> SUPPLIED MATERIAL:
--- --- ---
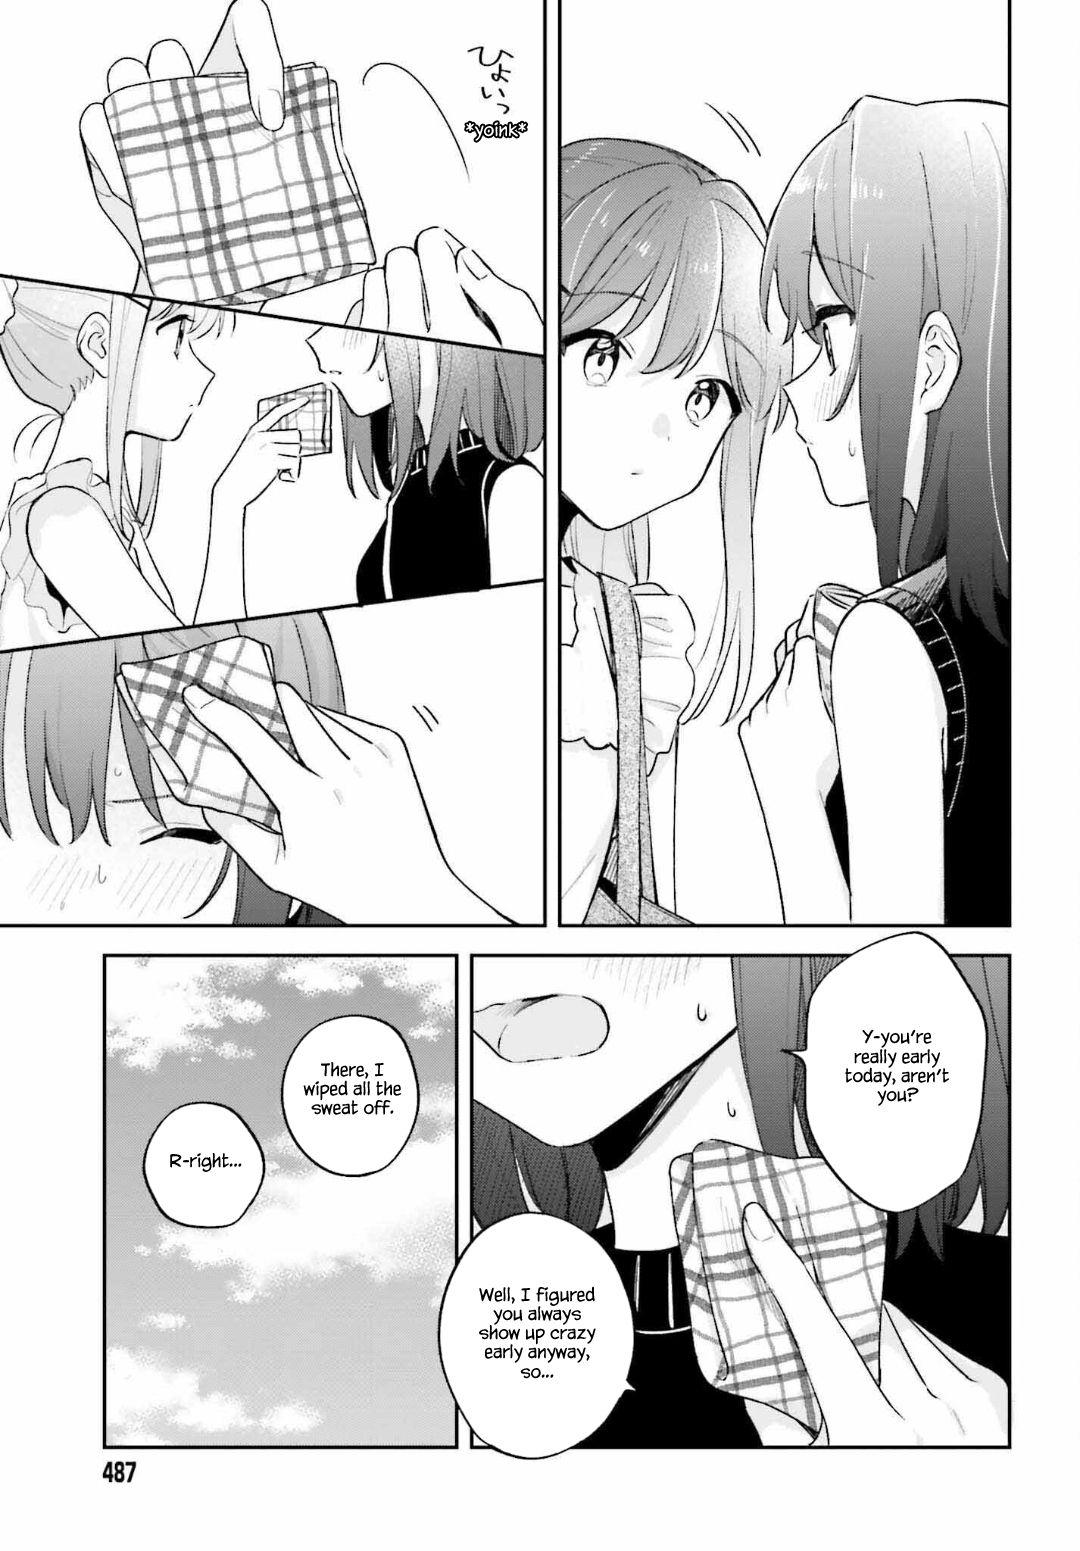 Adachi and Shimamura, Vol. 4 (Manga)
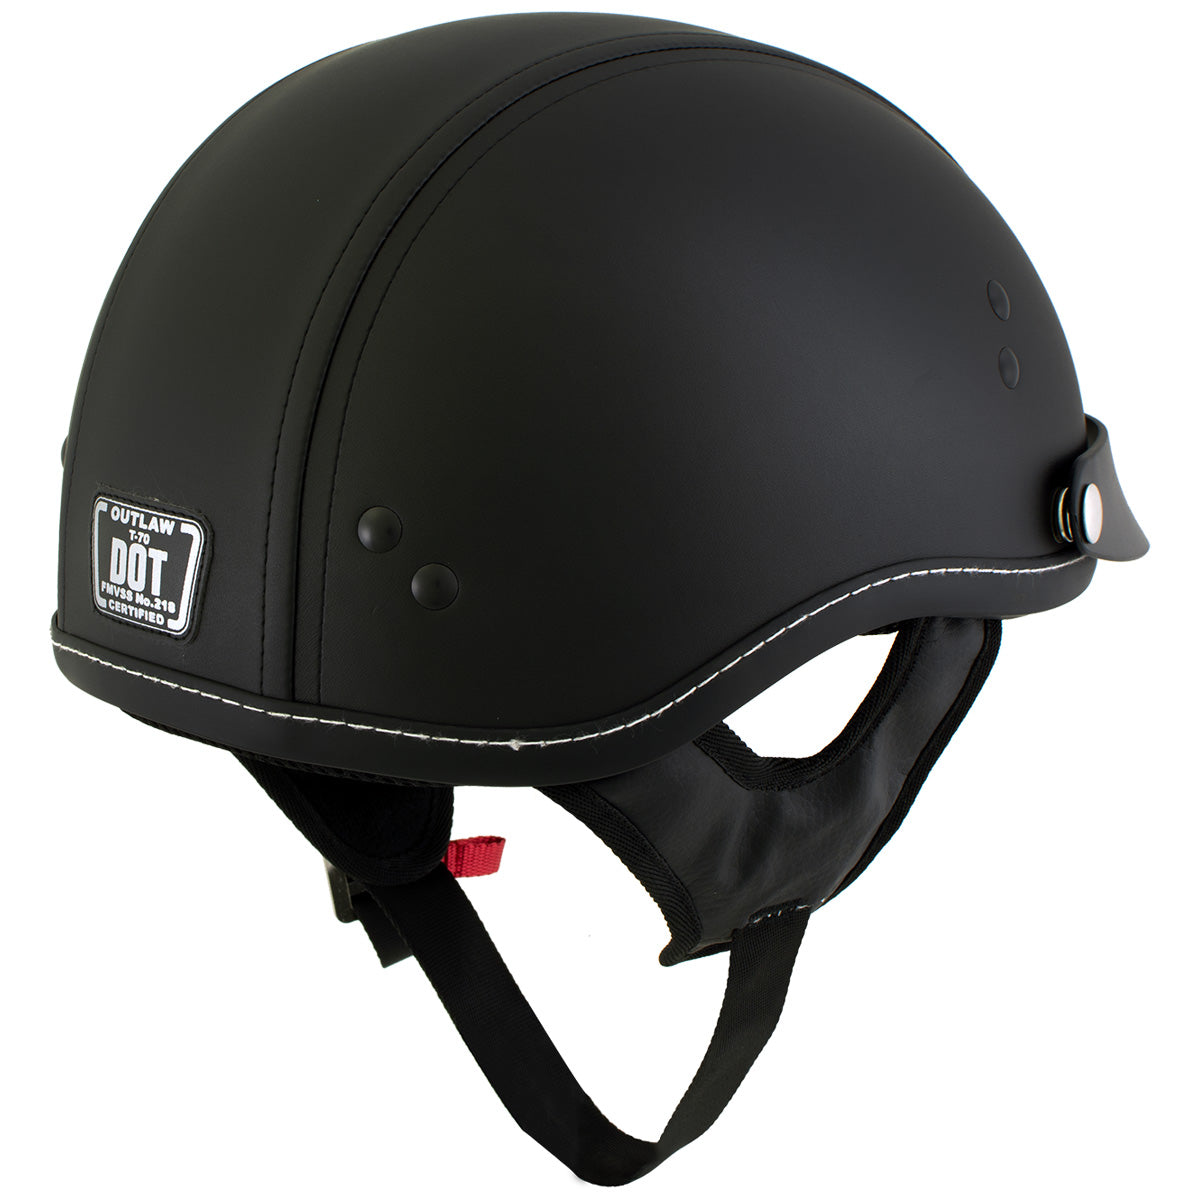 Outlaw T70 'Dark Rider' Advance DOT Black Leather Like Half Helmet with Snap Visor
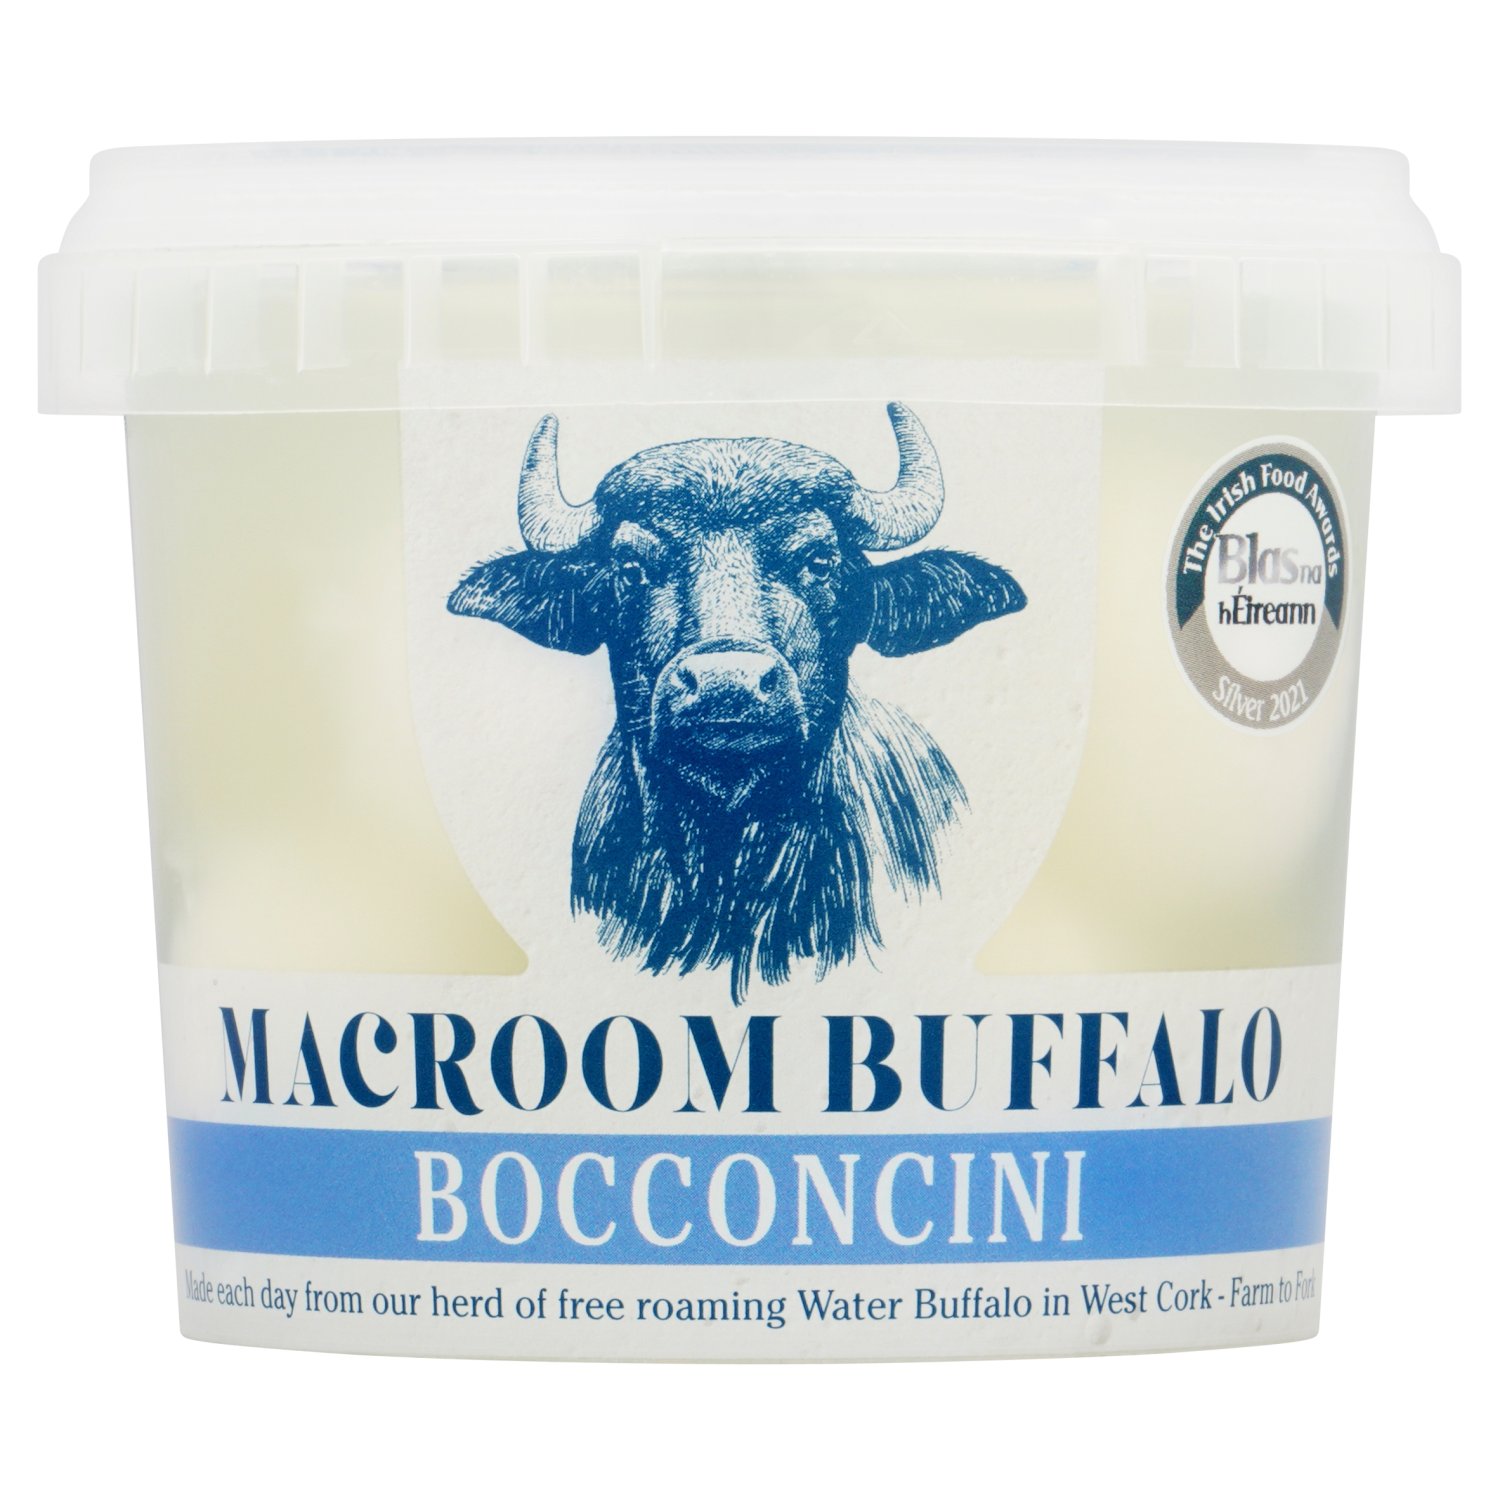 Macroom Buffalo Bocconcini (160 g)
--- --- ---
> YOUR OBJECTIVE:
Please output all the data exactly as given, with the pictures omitted.

> SOLUTION FOR THIS TASK:
 Adachi and Shimamura, Vol. 4 (Manga)
 Outlaw T70 'Dark Rider' Advance DOT Black Leather Like Half Helmet with Snap Visor
 Macroom Buffalo Bocconcini (160 g)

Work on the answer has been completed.